Эмиль Мишель Чоран

Ведь поэзия — это не что иное, как космогонический бред словаря.

Тот, кто не предавался сладострастию тоски, кто мысленно не упивался грозными картинами собственного угасания, не ощущал во рту жестокого и сладковатого привкуса агонии, тот никогда не исцелится от наваждения смерти: сопротивляясь ему, он будет оставаться в его власти, тогда как тот, кто привык к дисциплине ужаса и, представляя себе свое гниение, сознательно обращается в прах, будет смотреть на смерть как на некое прошлое, но даже и он будет всего лишь воскресшим покойником, который не в состоянии больше жить.
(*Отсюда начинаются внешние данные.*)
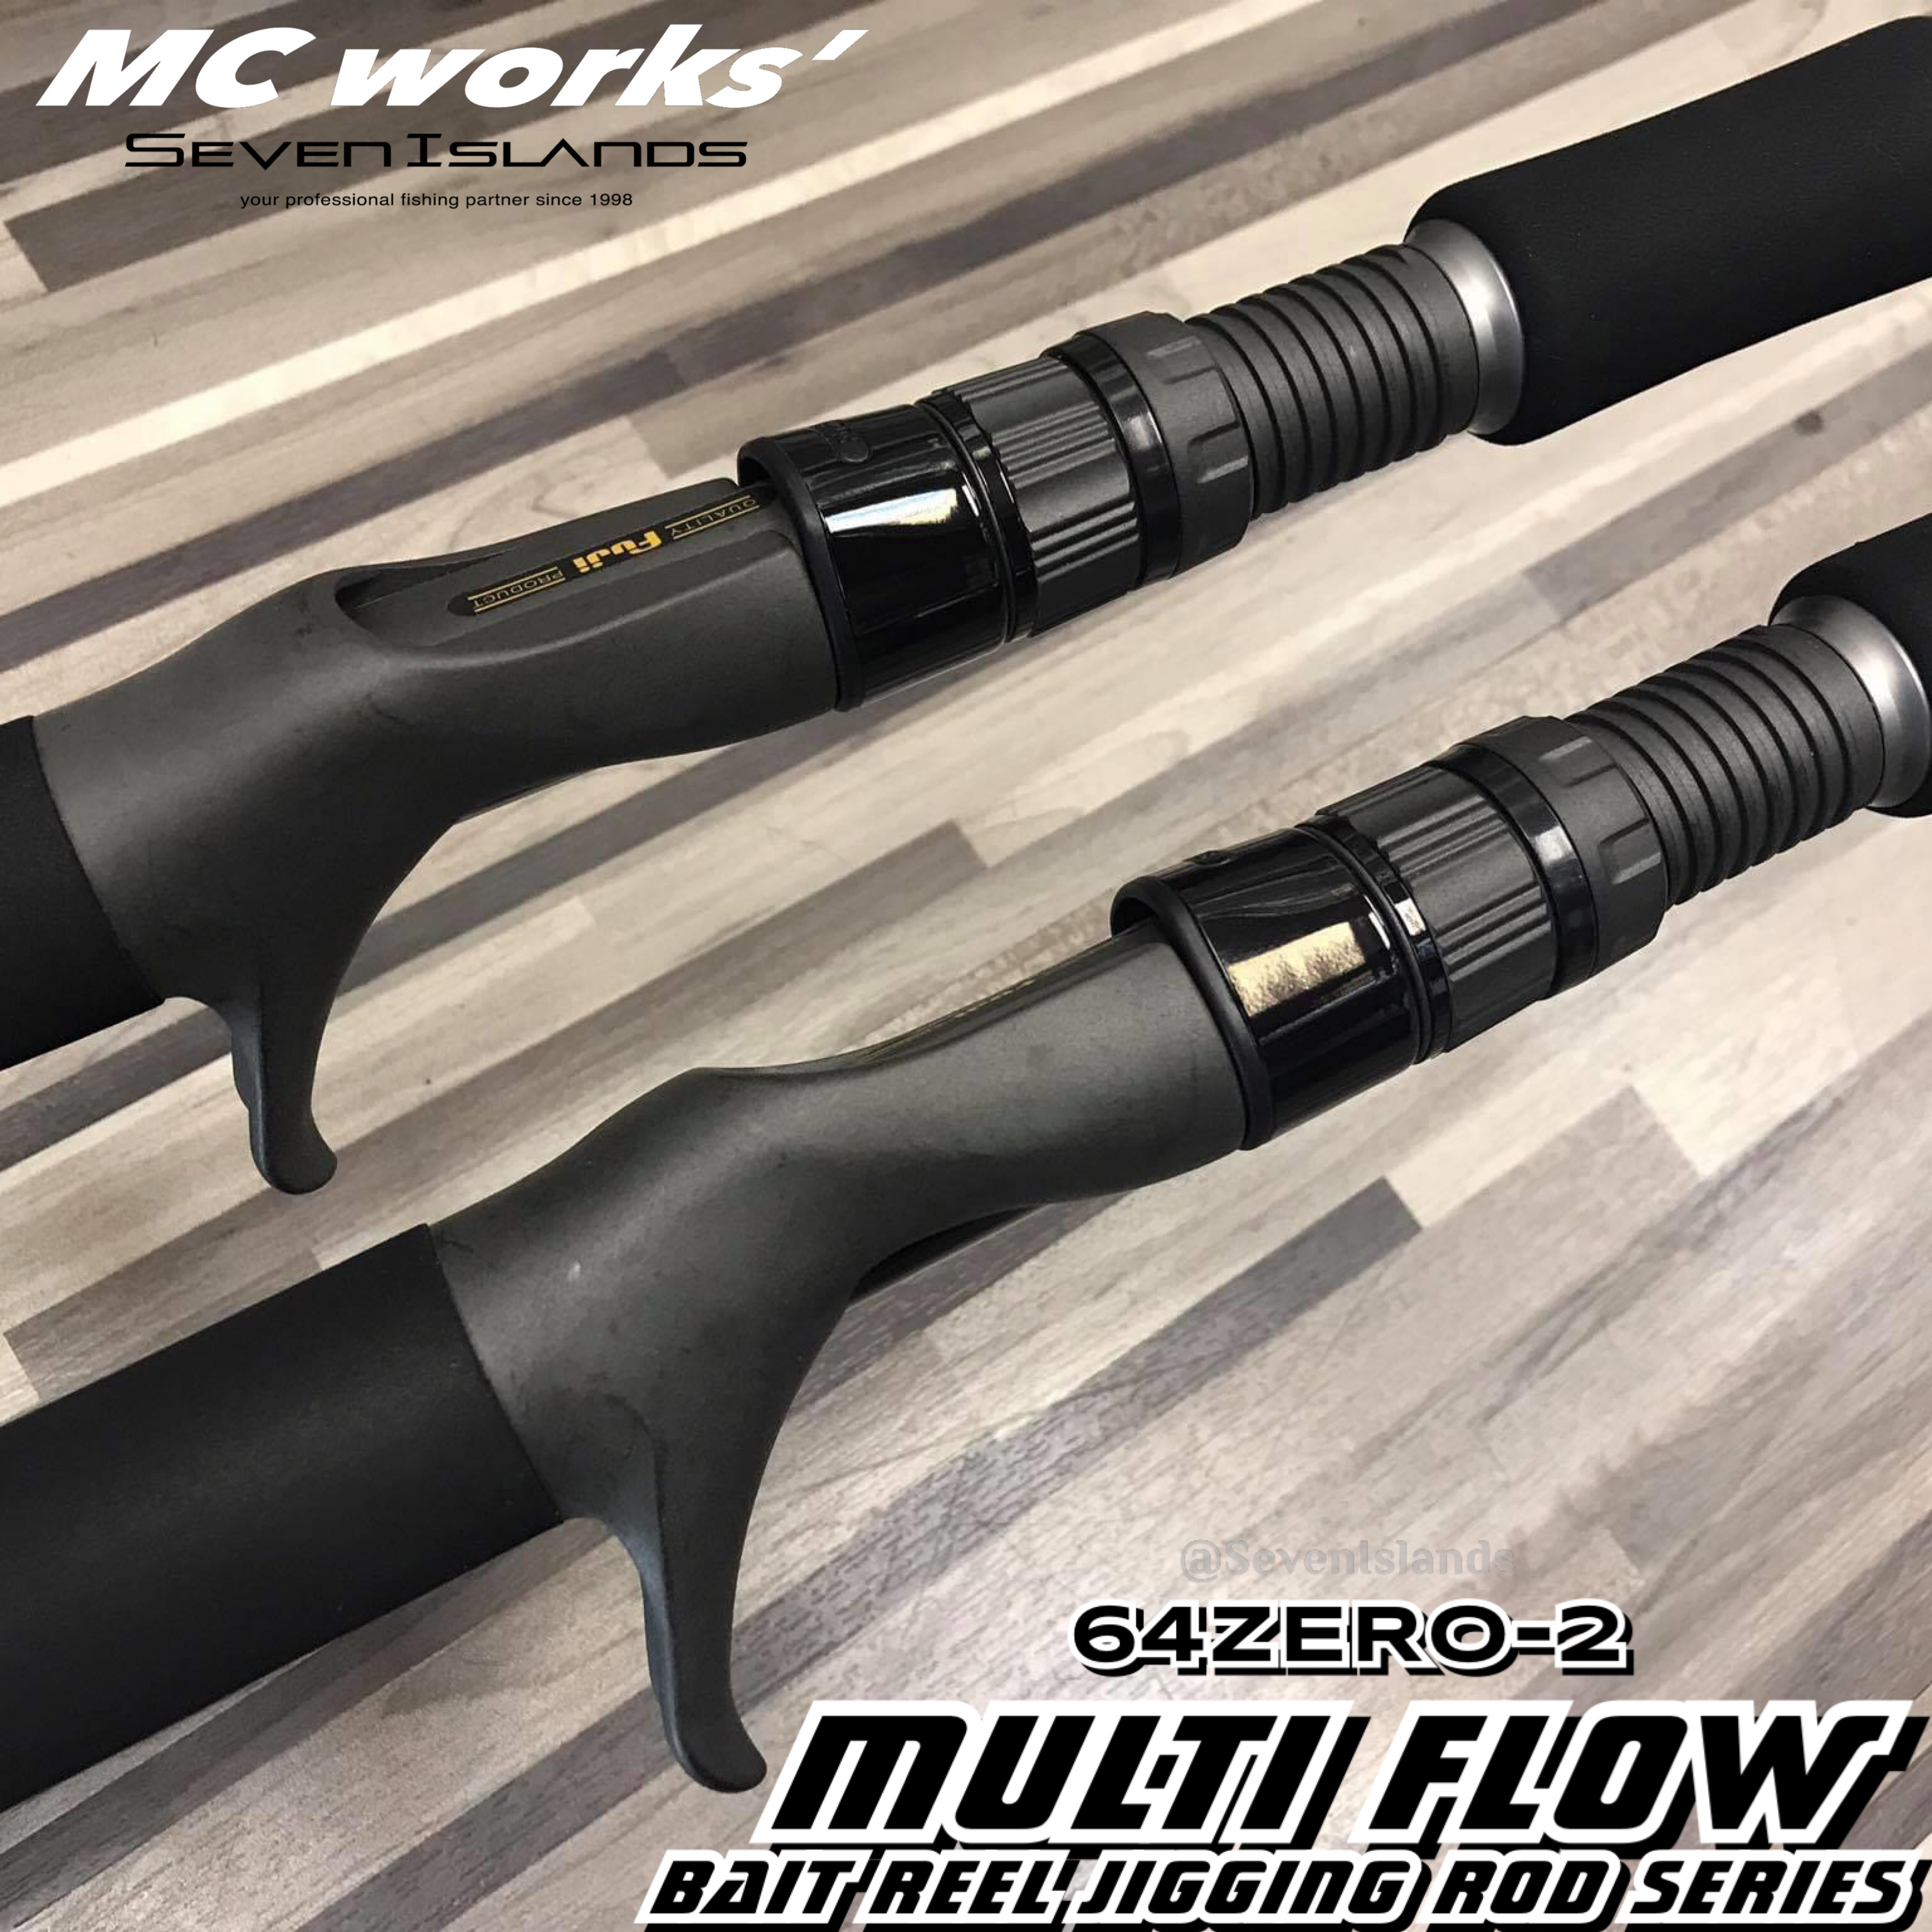 MC WORKS' MULTI FLOW 64ZERO-2 BAIT REEL JIGGING ROD

Его «способ» исцелит его и от жизни, и от смерти.

Как представить себе жизнь других людей, если даже своя собственная жизнь едва-едва укладывается в уме?

Только музыка способна создать между двумя людьми нерушимую связь. Страсть преходяща, она деградирует, как и всё, что имеет отношение к жизни, тогда как музыка по природе своей стоит над жизнью и, разумеется, над смертью.

Только растение приближается к «мудрости»; животное на это не способно. Что же касается человека... Природе следовало бы остановиться на растительном мире, вместо того чтобы позориться, стремясь к необычному.

Вспоминаю девицу, которую я, только попав тогда в Париж, подцепил на бульваре Сен-Мишель. По ее словам, она жила до того одиноко, что воспринимала свой будильник как что-то одушевленное, как живое существо: поцокивает, сообщает время, даже по-своему двигается. Сиротство человека в больших городах. Насколько помню, она даже сказала, будто иногда его ласково поглаживает, этот будильник. И добавила: «Кроме него, у меня больше никого нет».

Покуда будет оставаться хоть один действующий Бог, задача человечества не будет достигнута.

Беспокоить друзей следовало бы не иначе как ради собственных похорон. Да и то навряд ли...

Можно вообразить и предвидеть все, кроме глубины своего падения.

Оптимизм, как известно, — это судорога умирающего.